Leveling the Playing Field

It is always a shock when we learn that someone we have held in high esteem has committed a crime or egregious sin and has fallen from the pedestal we had put them on. I recently watched a movie that told the story of the head of a very popular news organization and how he fell from his high tower of power when his sexual exploitation of several female employees was revealed. It was an eye-opener.

Perhaps that says more about our tendency to erect pedestals than anything else. Society has a way of creating a hierarchy built on power, wealth, and social status. Sin has a way of knocking all of that down. The only safe pedestal to perch upon is the word of God.

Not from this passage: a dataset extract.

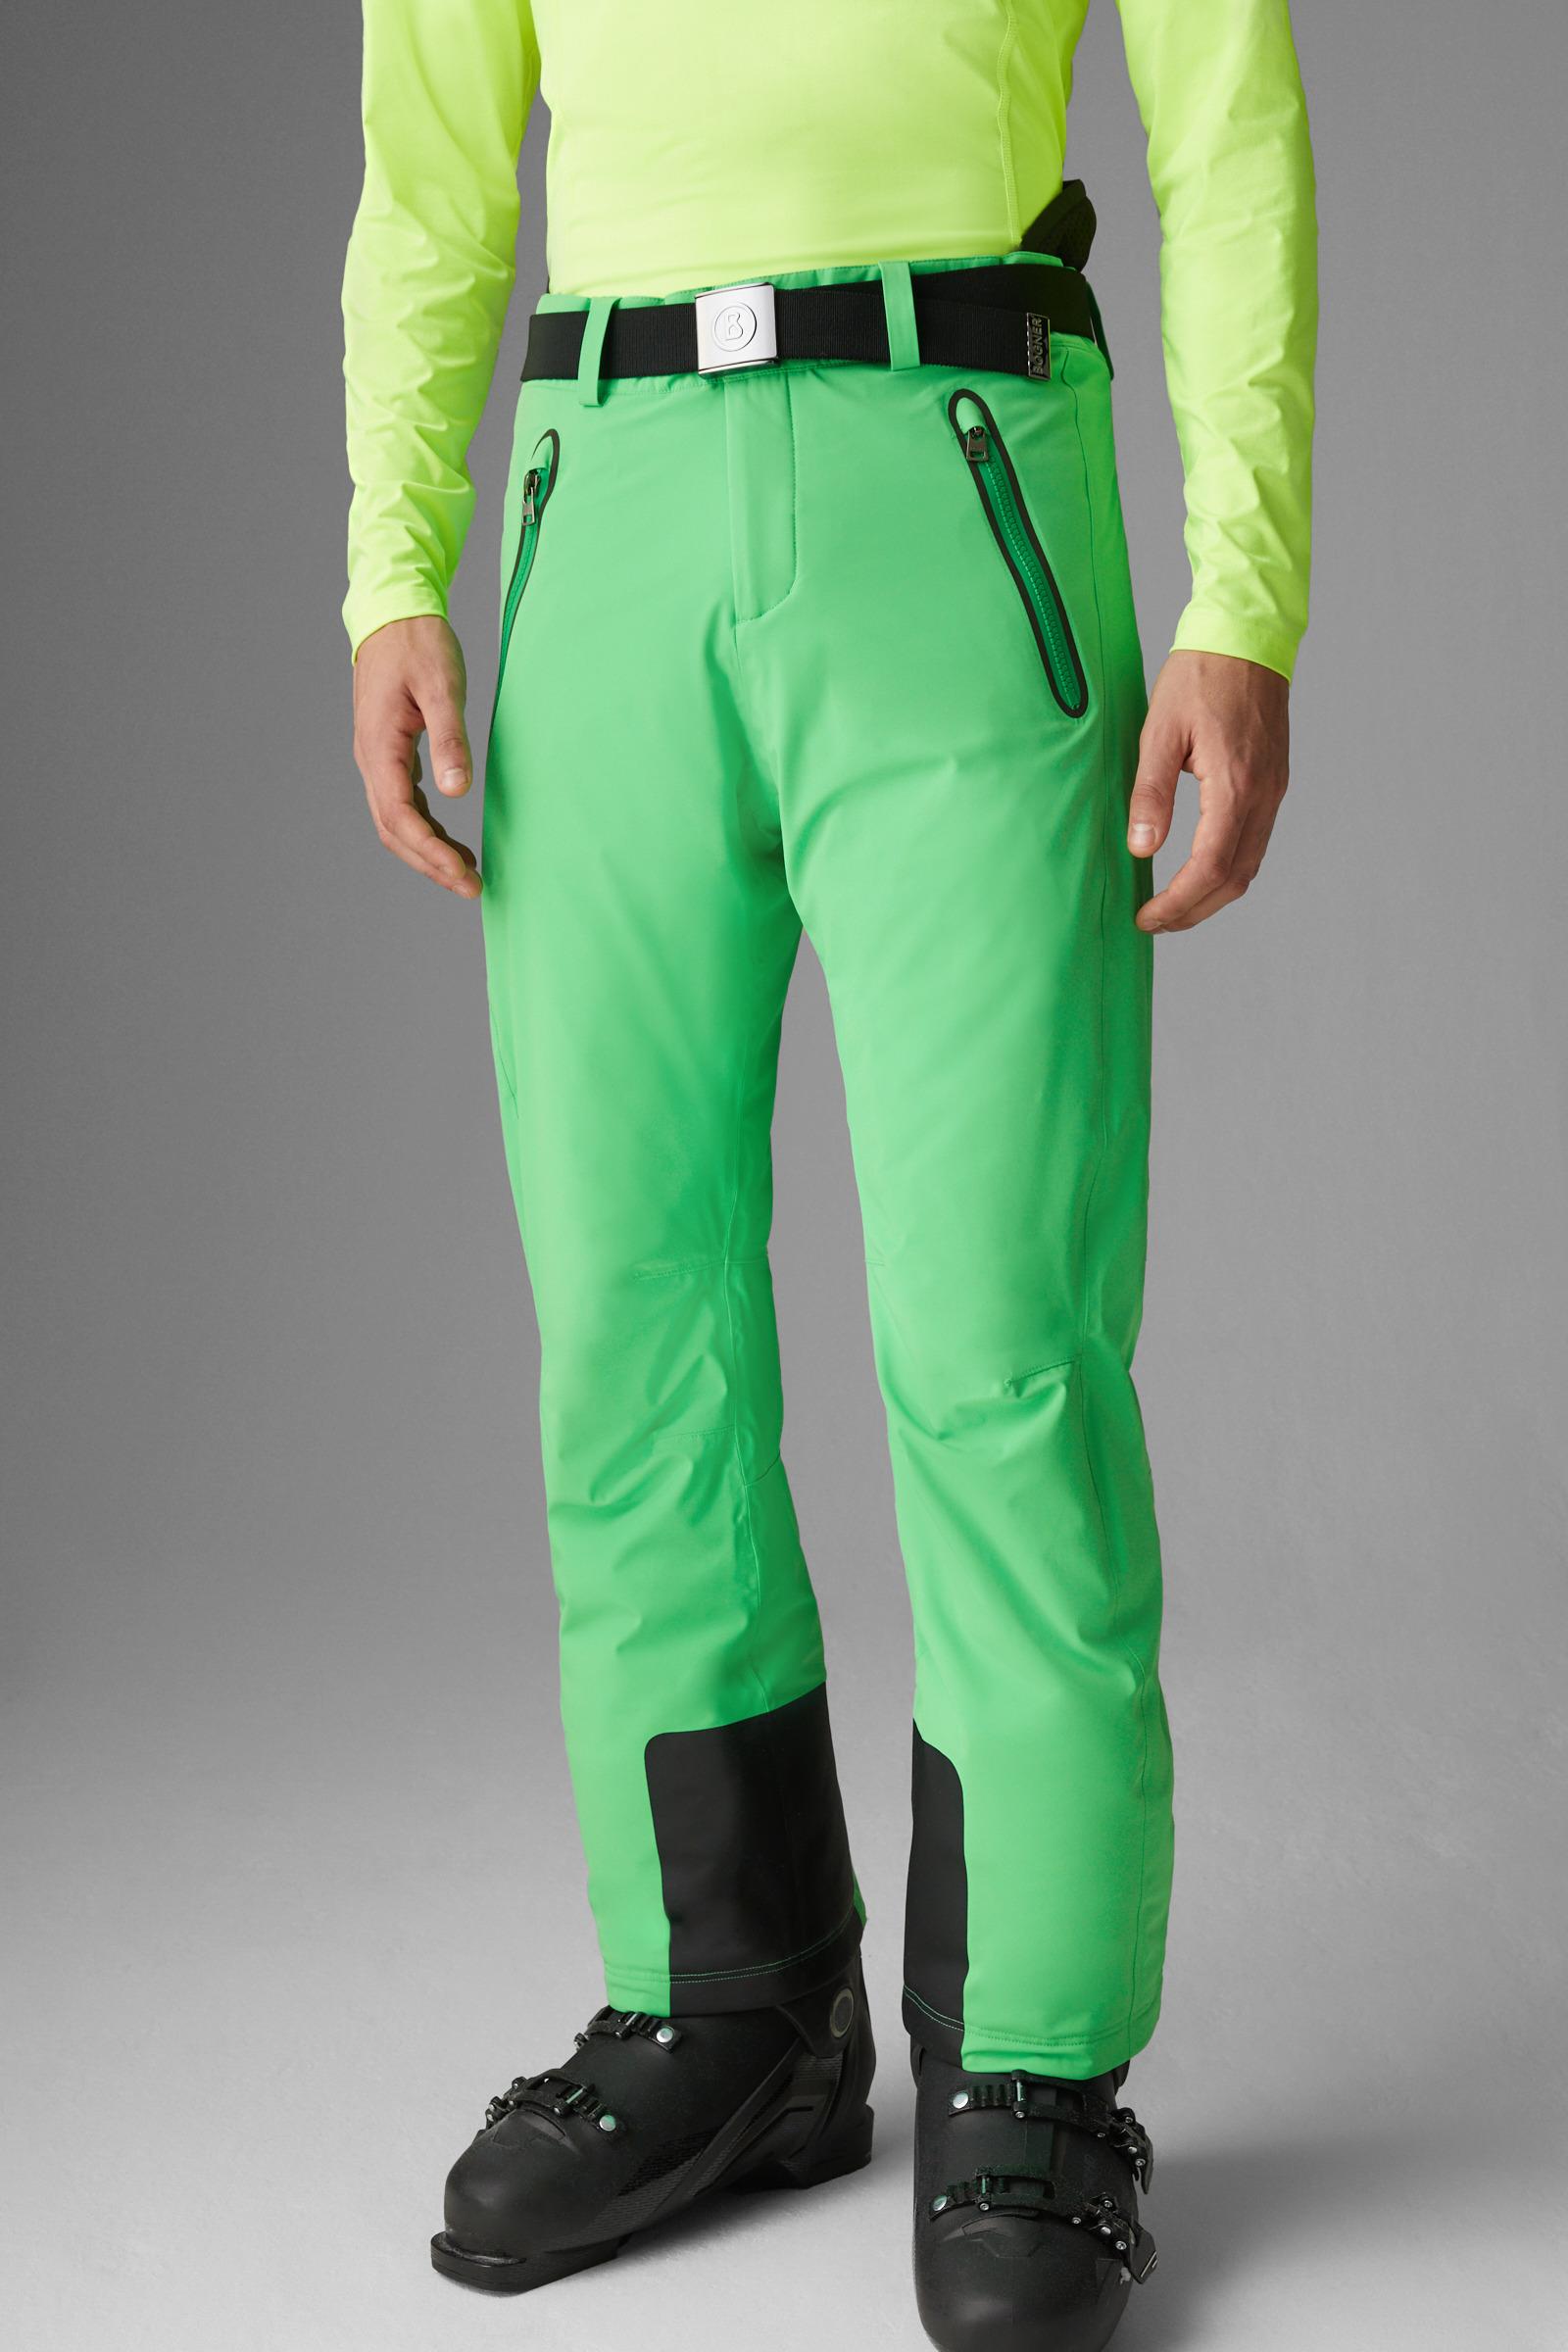 Bogner Thore Ski Trousers in Green for Men

In the twenty-first chapter of Matthew, Jesus had a conversation with the chief priests and elders of the people. They were at the top of the food chain in Israel and loved to flaunt their status. They had the audacity to question Jesus about his authority, as if their self-assigned societal authority gave them the right to question the Son of God.

As if!

See how handily Jesus knocks them off their man-made pedestals:

Matthew 21 (Common English Bible)

28 “What do you think? A man had two sons. Now he came to the first and said, ‘Son, go and work in the vineyard today.’

29 “‘No, I don’t want to,’ he replied. But later he changed his mind and went.

30 “The father said the same thing to the other son, who replied, ‘Yes, sir.’ But he didn’t go.

31 “Which one of these two did his father’s will?”

They said, “The first one.”

Jesus said to them, “I assure you that tax collectors and prostitutes are entering God’s kingdom ahead of you. 32 For John came to you on the righteous road, and you didn’t believe him. But tax collectors and prostitutes believed him. Yet even after you saw this, you didn’t change your hearts and lives and you didn’t believe him.

Whoa, Nellie. That was a deep cut. The prostitutes and the TAX COLLECTORS? Surely that rankled the chief priests. Jesus effectively mopped the floor with their over-blown pretensions and their misunderstanding of “greatness.”

To be the first, one must commit to being the last. To enter the kingdom of God, one must be humble. Securing eternal life requires changing our hearts, minds, and LIVES. Walking God’s righteous road is the way.

Look at the pedestal you are currently standing on. If you see privilege, position, wealth, status, or arrogance there, jump off and save yourself.